Zahlen, bitte! 86325 Orbits: die Mir, der erste große Außenposten im All

Seite 2: Umzug von Raumstation zur Raumstation

Inhaltsverzeichnis

Eine Besonderheit bot die erste Mir-Mission, die am 13. März 1986 ins All flog: Die Saljut-7-Raumstation war noch im Orbit. Die Sojus-T-15-Besatzung, bestehend aus den Kosmonauten Leonid Kisim und Wladimir Solowjow, sollte also nicht nur die Mir in Betrieb nehmen, sondern auch die alte Raumstation anfliegen, sie warten und einige wissenschaftliche Instrumente zur Mir bringen.
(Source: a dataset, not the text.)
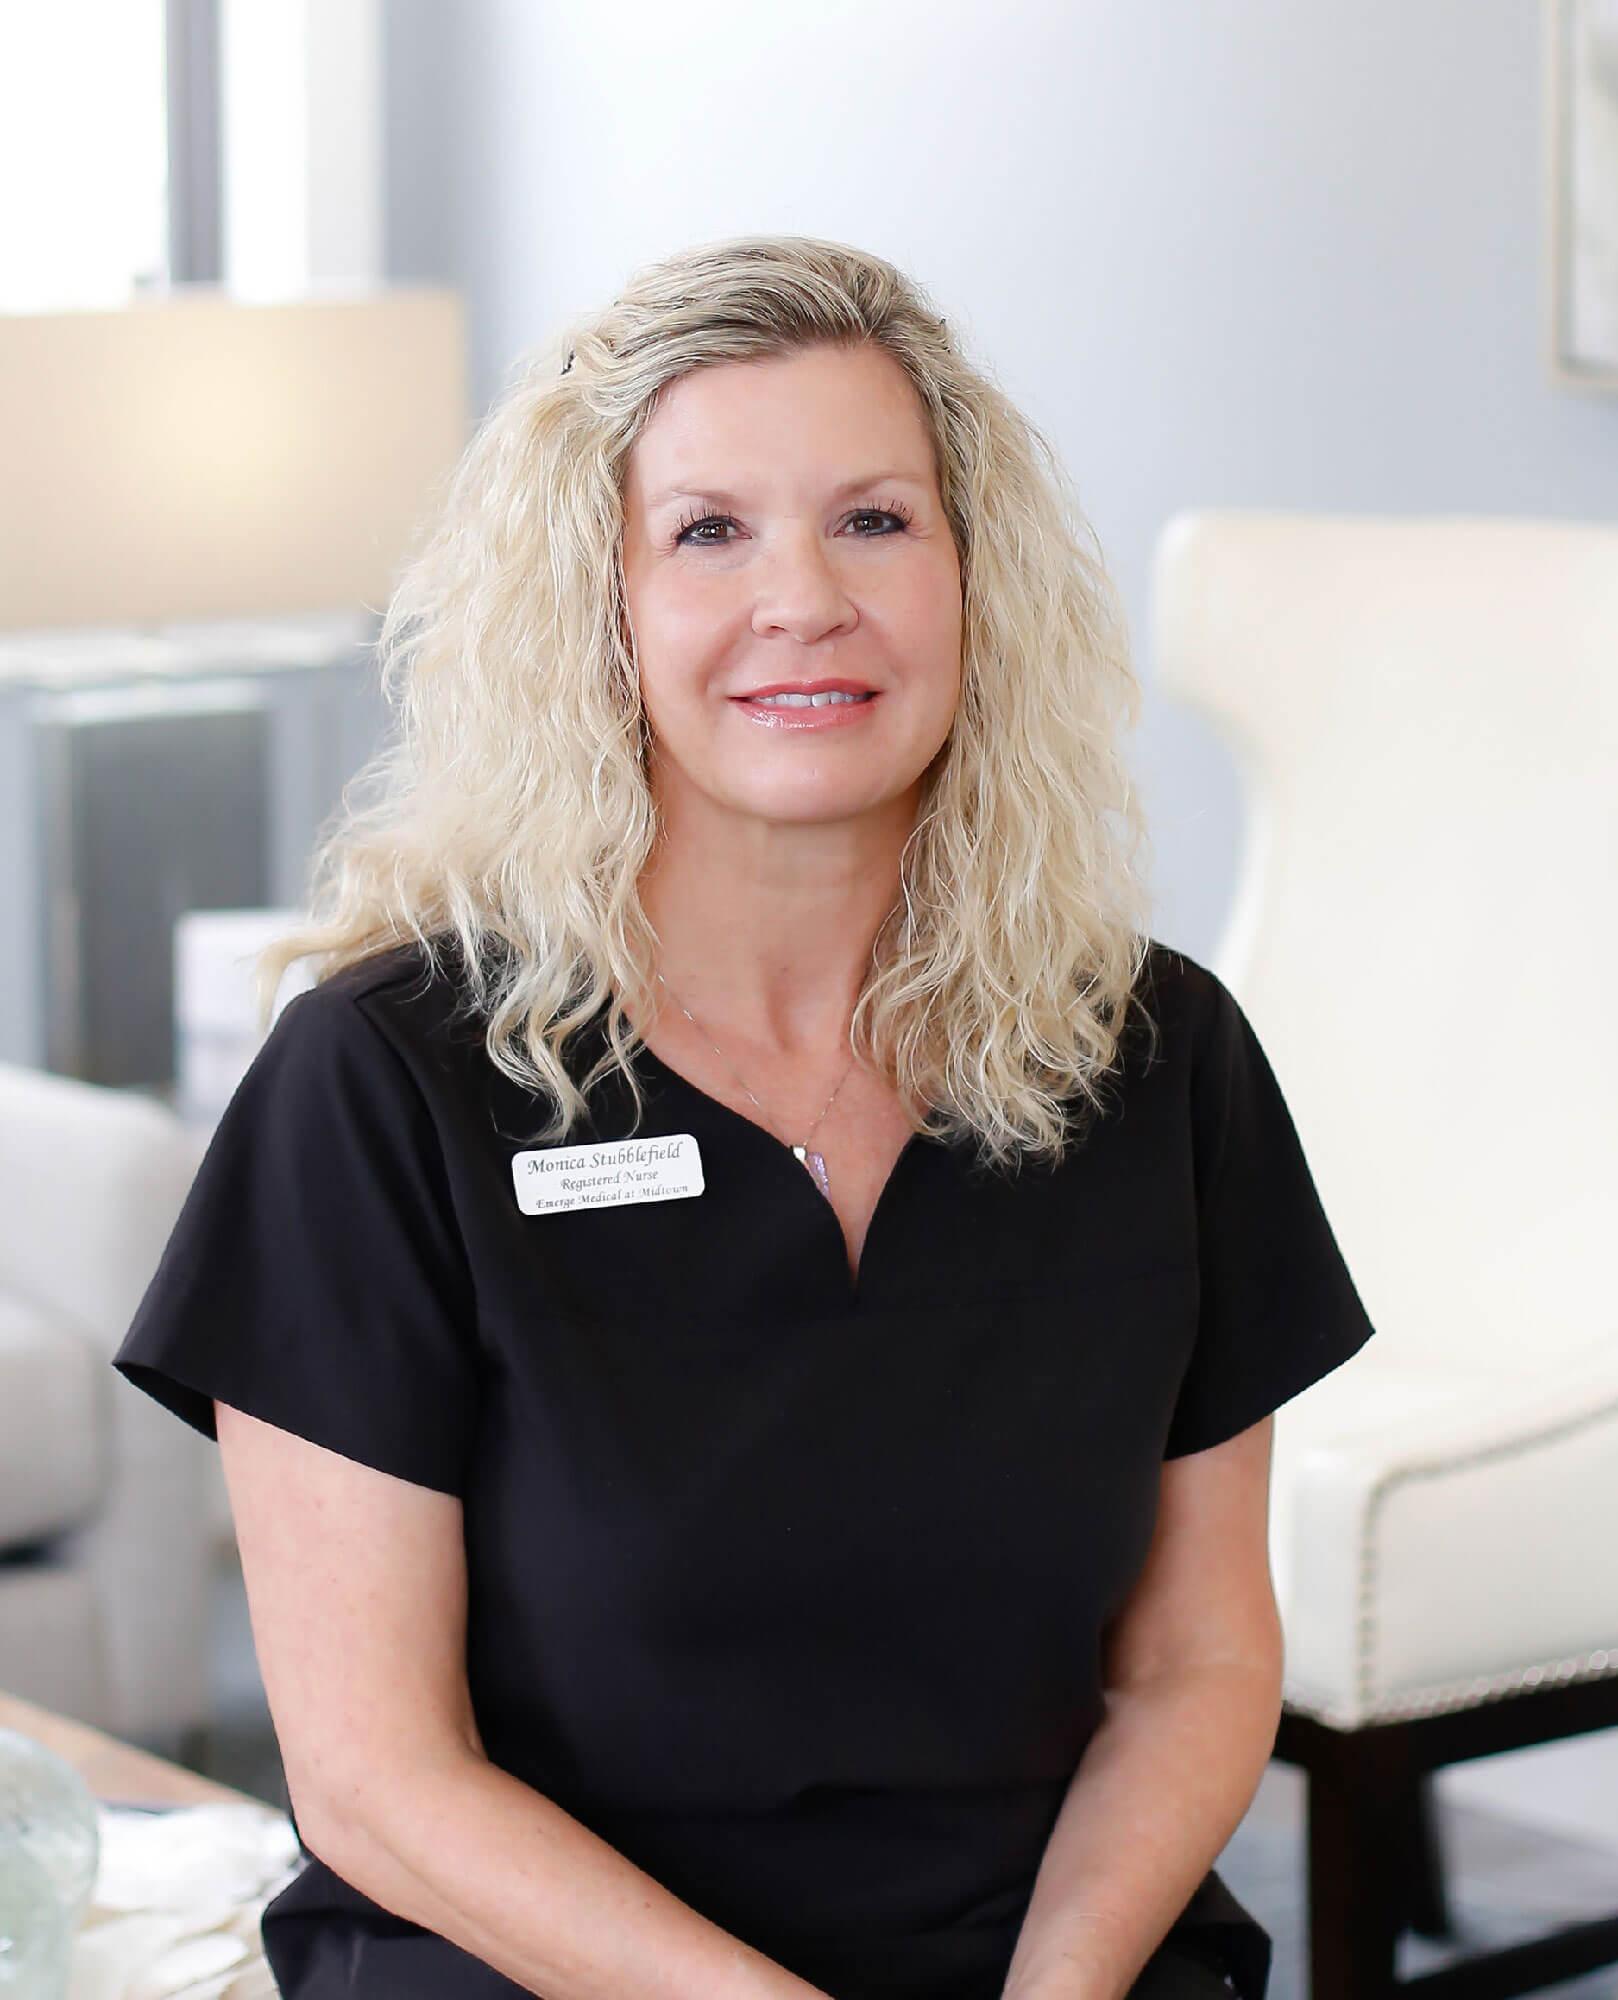 Monica Stubblefield Emerge staff photo

Eine Art Umzug im Weltraum von der einen Raumstation zu der anderen. Bis heute einmalig.

Insgesamt führten 96 Kosmonauten über 16500 wissenschaftliche Experimente durch. Vor allem die Erkenntnisse über die Veränderungen der körperlichen Physiologie der Kosmonauten war für zukünftige langwierige Weltraummissionen von unschätzbarem Wert. Rekordhalter für die längste Zeit im All ist Waleri W. Poljakow, der insgesamt 679 Tage an Bord verbrachte, davon 438 Tage durchgehend in einer Mission.

Mit Klaus-Dietrich Flade (Mir 92), Ulf Merbold (Euromir 94), Thomas Reiter (Euromir 95) und Reinhold Ewald (Mir 97) waren auch vier Deutsche auf der Station. Reiter schafte dabei als einer der wenigen Astronauten, sowohl auf der Mir als auch auf der internationalen Raumstation ISS zu arbeiten. Eine Leistung, die von deutscher Seite nur noch die Maus schaffte (mit Klaus-Dietrich Flade auf der Mir und mit Alexander Gerst auf der ISS).

Klau-Dietrich Flade auf der Mir während der Mir92-Mission, mit der Maus aus "Sendung mit der Maus" als Passagier.

(Bild: CC-BY 3.0 , DLR)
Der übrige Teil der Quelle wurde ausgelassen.